The embeddings of words in a vocabulary are stored in an embedding matrix $E$. This matrix allows efficient retrieval of word embeddings:

$$e_j = E \cdot O_j$$

For a vocabulary of size 10,000 and 300-dimensional embeddings, $E$ is a $300 \times 10,000$ matrix. Multiplying $E$ with a one-hot vector $O_j$ retrieves the corresponding 300-dimensional embedding:

For instance, given $E$ and the one-hot encoding $O_{6257}$, we can compute $e_{6257}$ by multiplying $E$ with $O_{6257}$ as:

$$
e_{6257} = E \cdot O_{6257} = 
\begin{bmatrix}
e_{11} & e_{12} & \cdots & e_{1n} \\
e_{21} & e_{22} & \cdots & e_{2n} \\
\vdots & \vdots & \ddots & \vdots \\
e_{m1} & e_{m2} & \cdots & e_{mn}
\end{bmatrix} 
\cdot
\begin{bmatrix}
0 \\
0 \\
\vdots \\
1 \\
\vdots \\
0
\end{bmatrix}
=
\begin{bmatrix}
e_{1,6257} \\
e_{2,6257} \\
\vdots \\
e_{m,6257}
\end{bmatrix}
$$

If our vocabulary is a 10,000 dimensional vector where each word is encoded as a 300 dimensional, then the matrix $E$ is a $300 \times 10,000$ dimensional; multiplying it with the one-hot vector $O_{6257}$ which is 10,000 dimensional, we obtain a $300 \times 1$ embedding.

$$
e_{6257} = E \cdot O_{6257} = 
\begin{bmatrix}
\text{a} & \text{aaron} & \cdots & \text{orange}_{6257} & \cdots & \text{zulu} \\
\text{a} & \text{aaron} & \cdots & \text{orange}_{6257} & \cdots & \text{zulu} \\
\vdots & \vdots & \vdots & \vdots & \ddots & \vdots \\
\end{bmatrix}_{ \ 300 \times 10,000} 
\cdot
\begin{bmatrix}
0 \\
0 \\
\vdots \\
1_{6257} \\
\vdots \\
0
\end{bmatrix}_{ \ 10,000 \times 1}
=
\begin{bmatrix}
e_{1,6257} \\
e_{2,6257} \\
\vdots \\
e_{m,6257}
\end{bmatrix}_{ \ 300 \times 1}
$$

Since most of the multiplications are zeros, in pratice we use specialized functions to look up an embedding.

### 3 - Cosine Similarity

To measure the similarity between two words, we need a way to measure the degree of similarity between two embedding vectors for the two words.

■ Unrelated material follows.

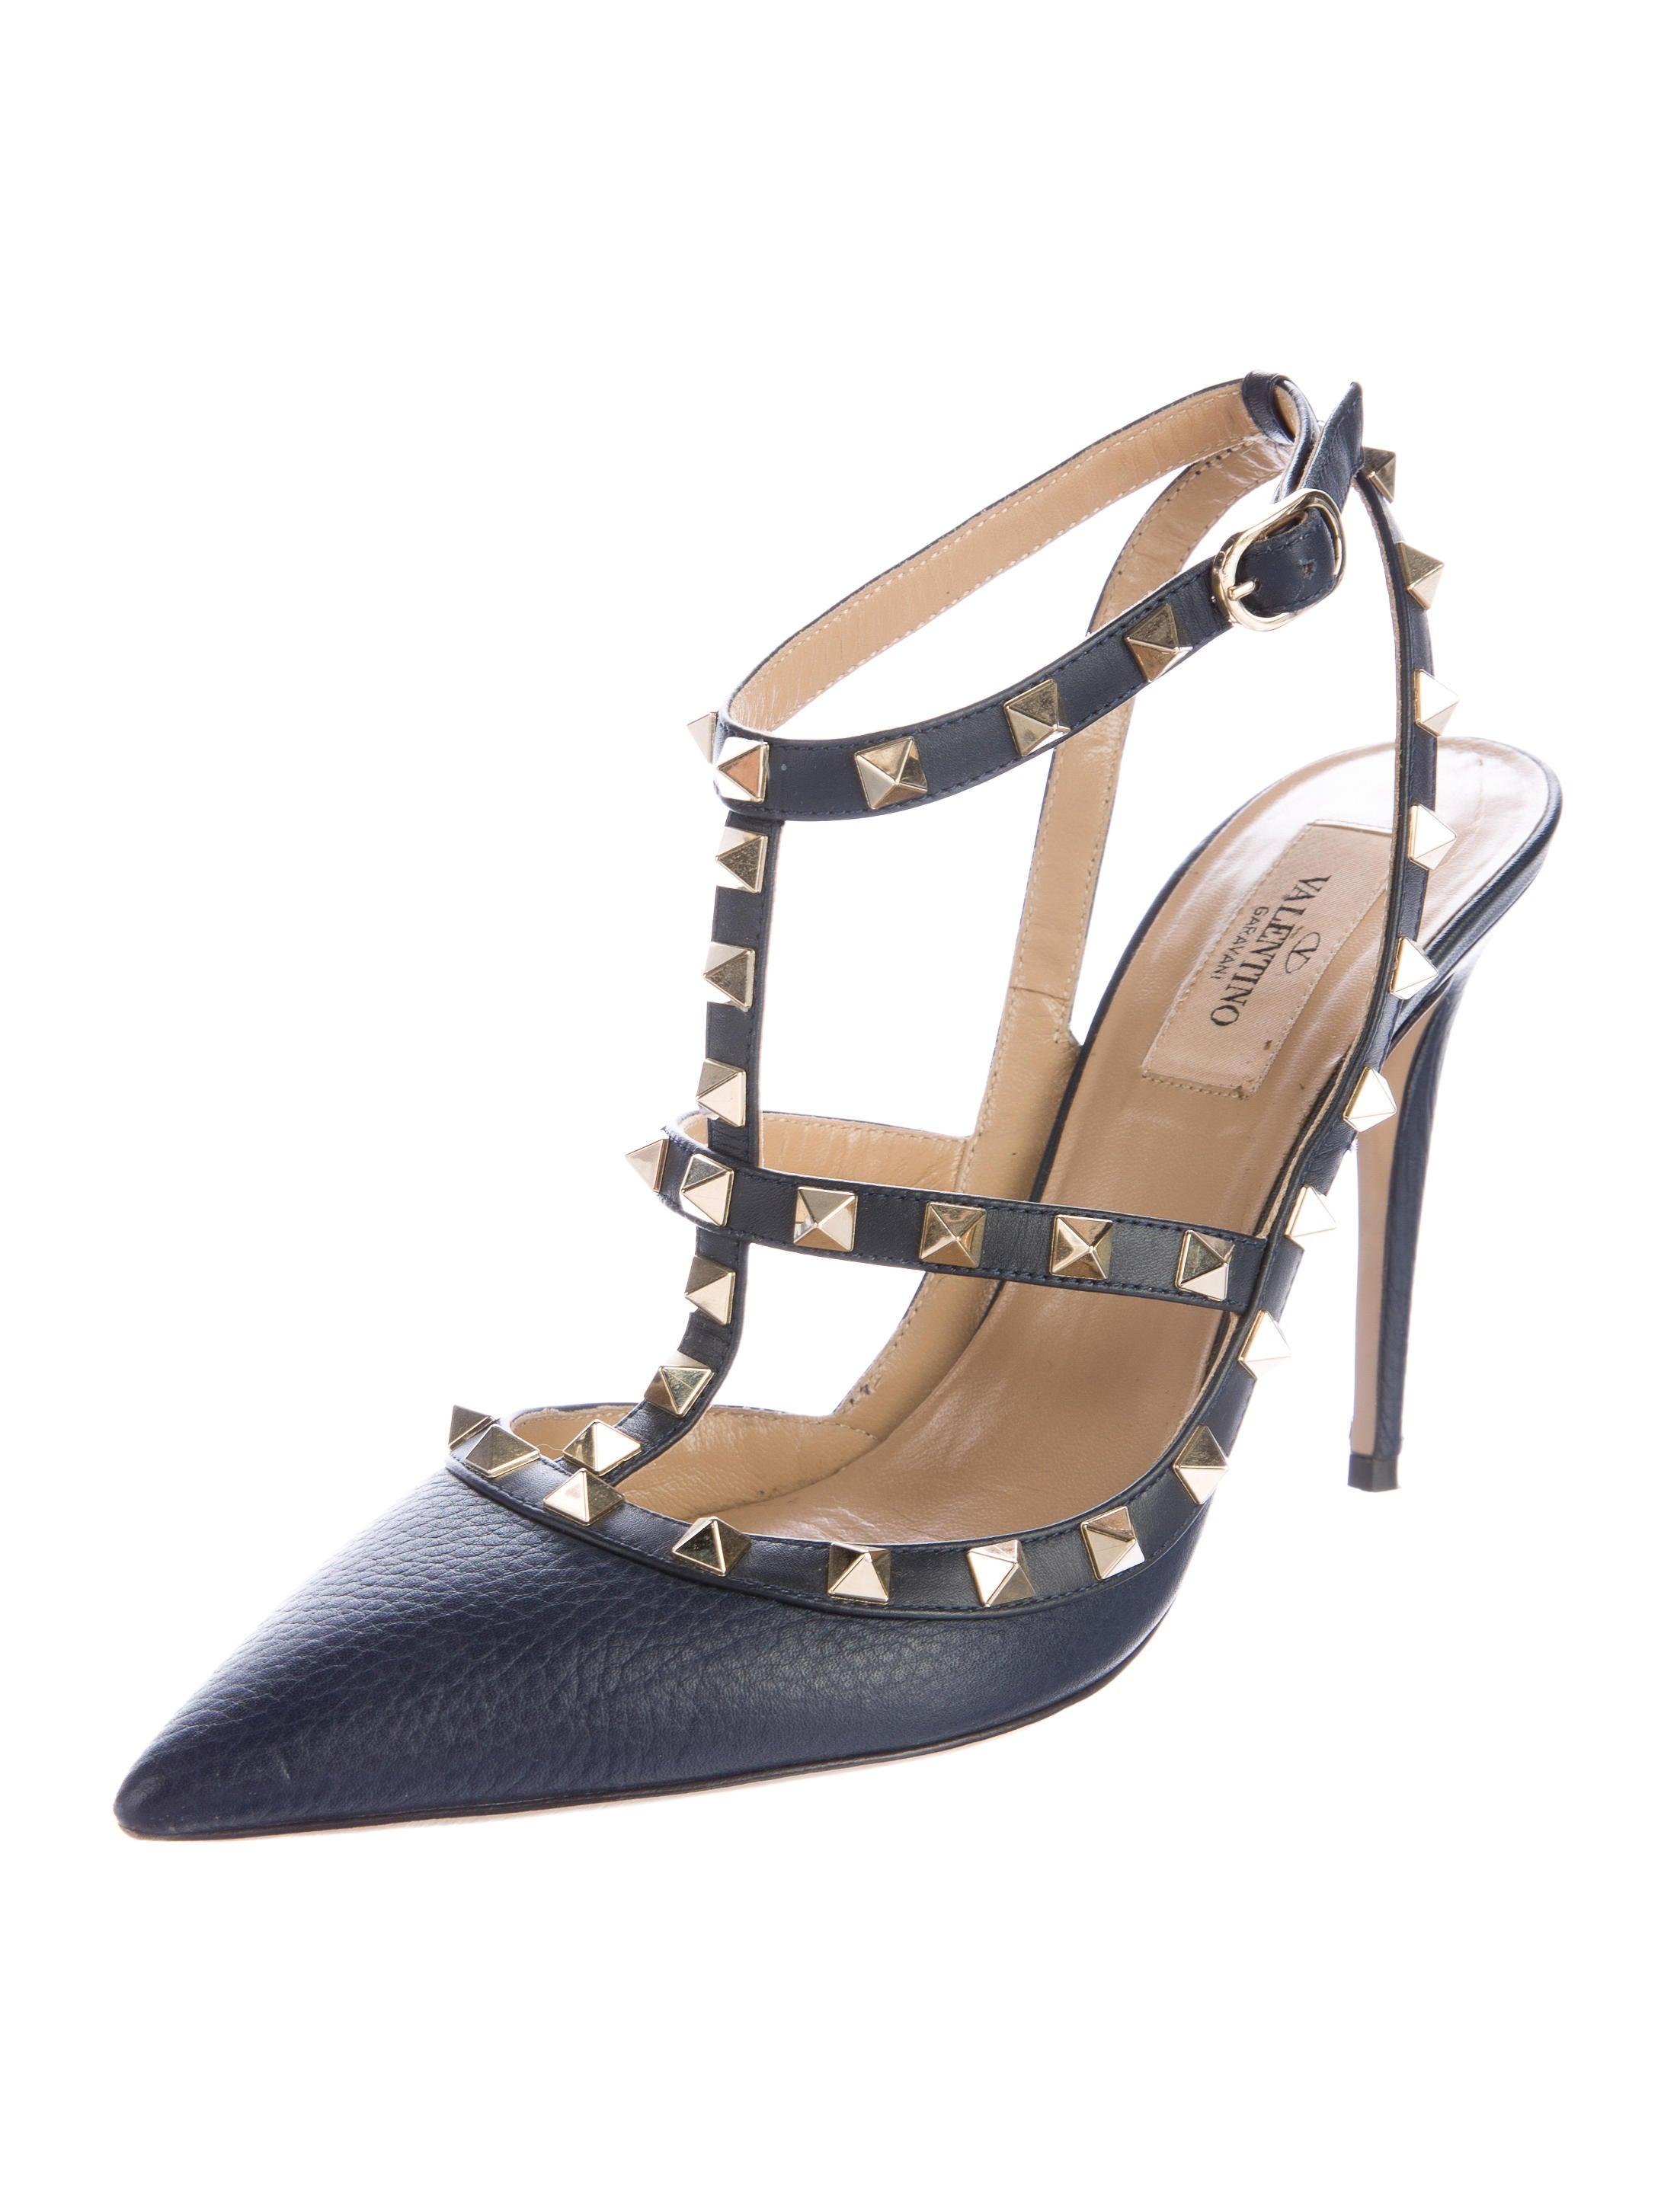 valentino rockstud pointed toe pumps shoes val64336. Black Bedroom Furniture Sets. Home Design Ideas
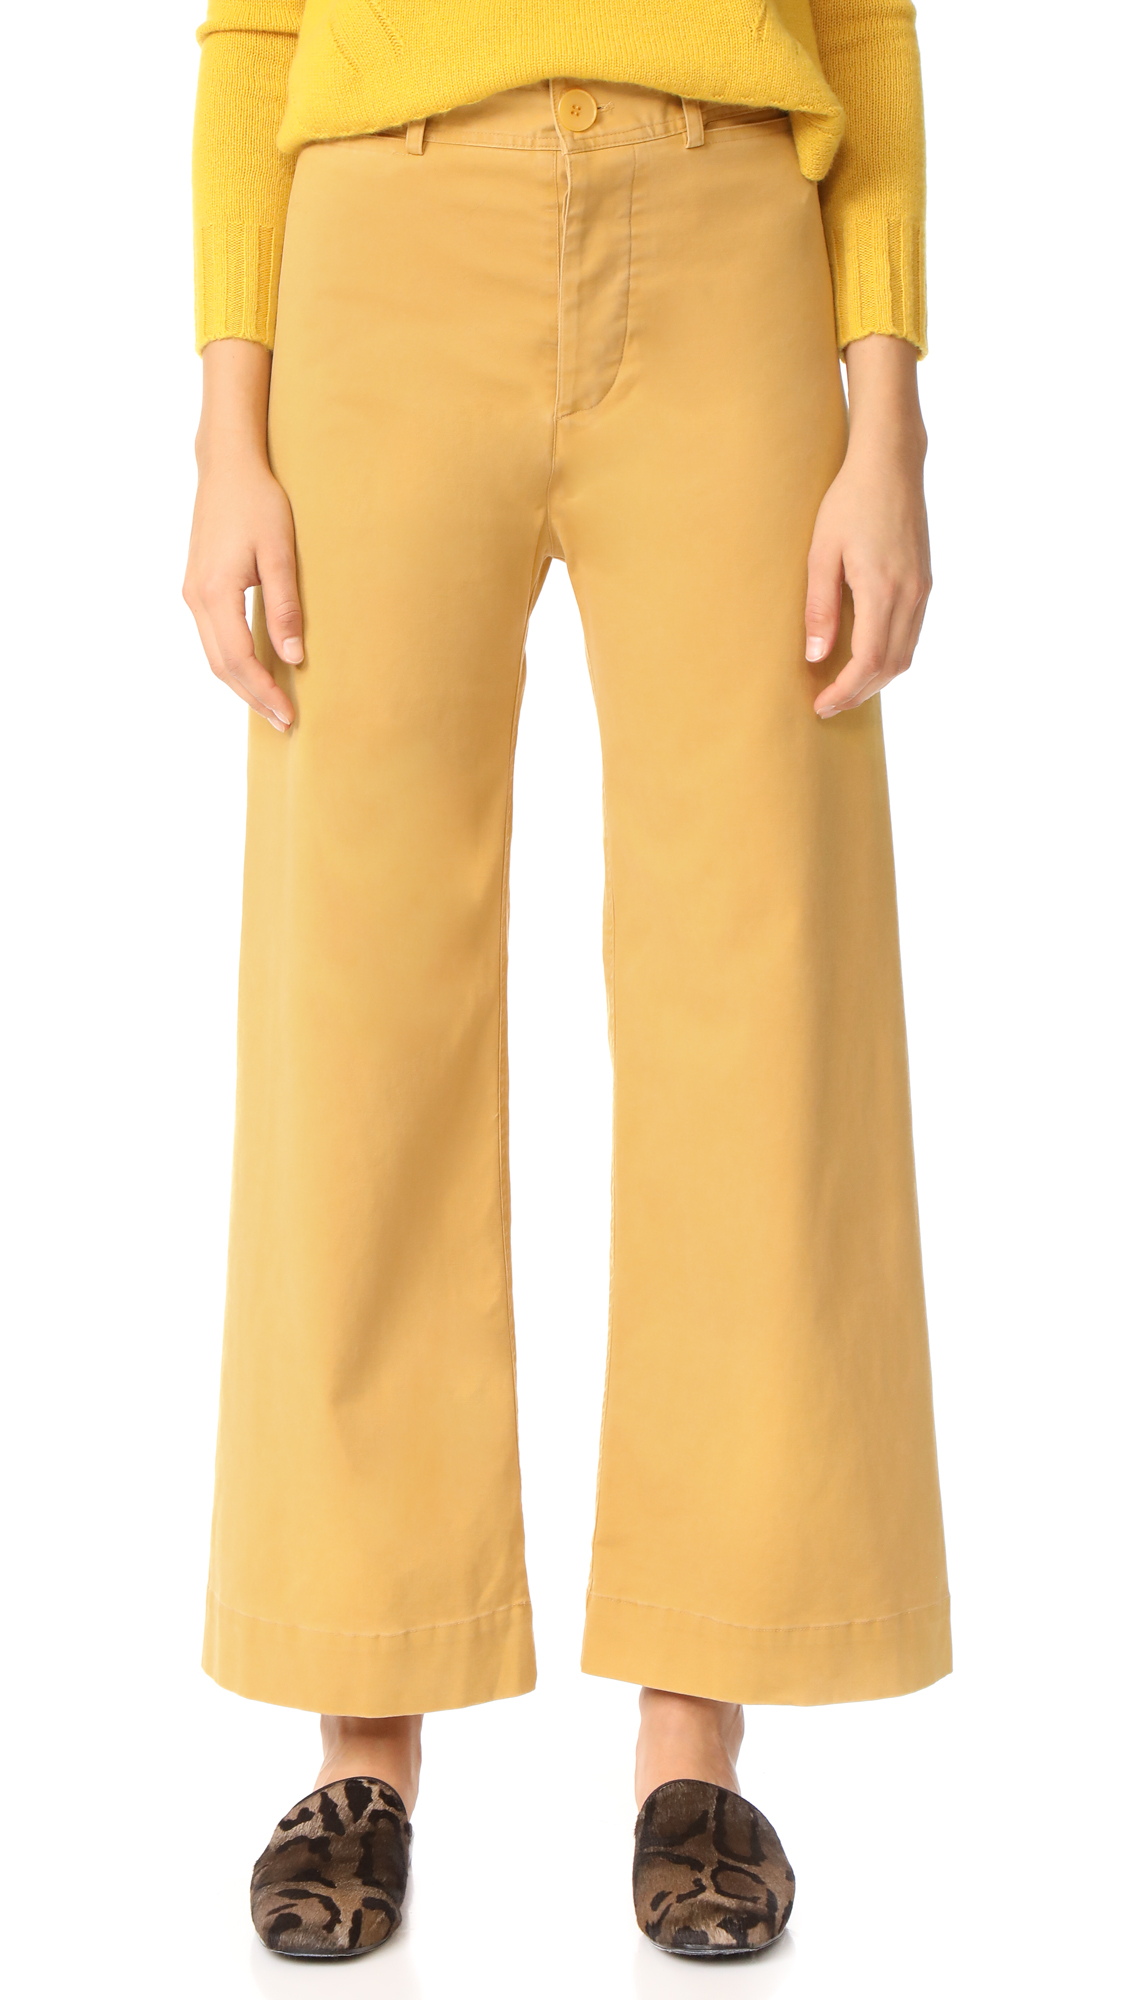 Emerson Thorpe Ryan High Waisted Pants - Mustard

Given two vectors $u$ and $v$, cosine similarity is defined as follows: 

$$\text{CosineSimilarity(u, v)} = \frac {u \cdot v} {||u||_2 ||v||_2} = cos(\theta)$$

* $u \cdot v$ is the dot product (or inner product) of two vectors
* $||u||_2$ is the norm (or length) of the vector $u$
* $\theta$ is the angle between $u$ and $v$. 
* The cosine similarity depends on the angle between $u$ and $v$. 
    * If $u$ and $v$ are very similar, their cosine similarity will be close to 1.
    * If they are dissimilar, the cosine similarity will take a smaller value.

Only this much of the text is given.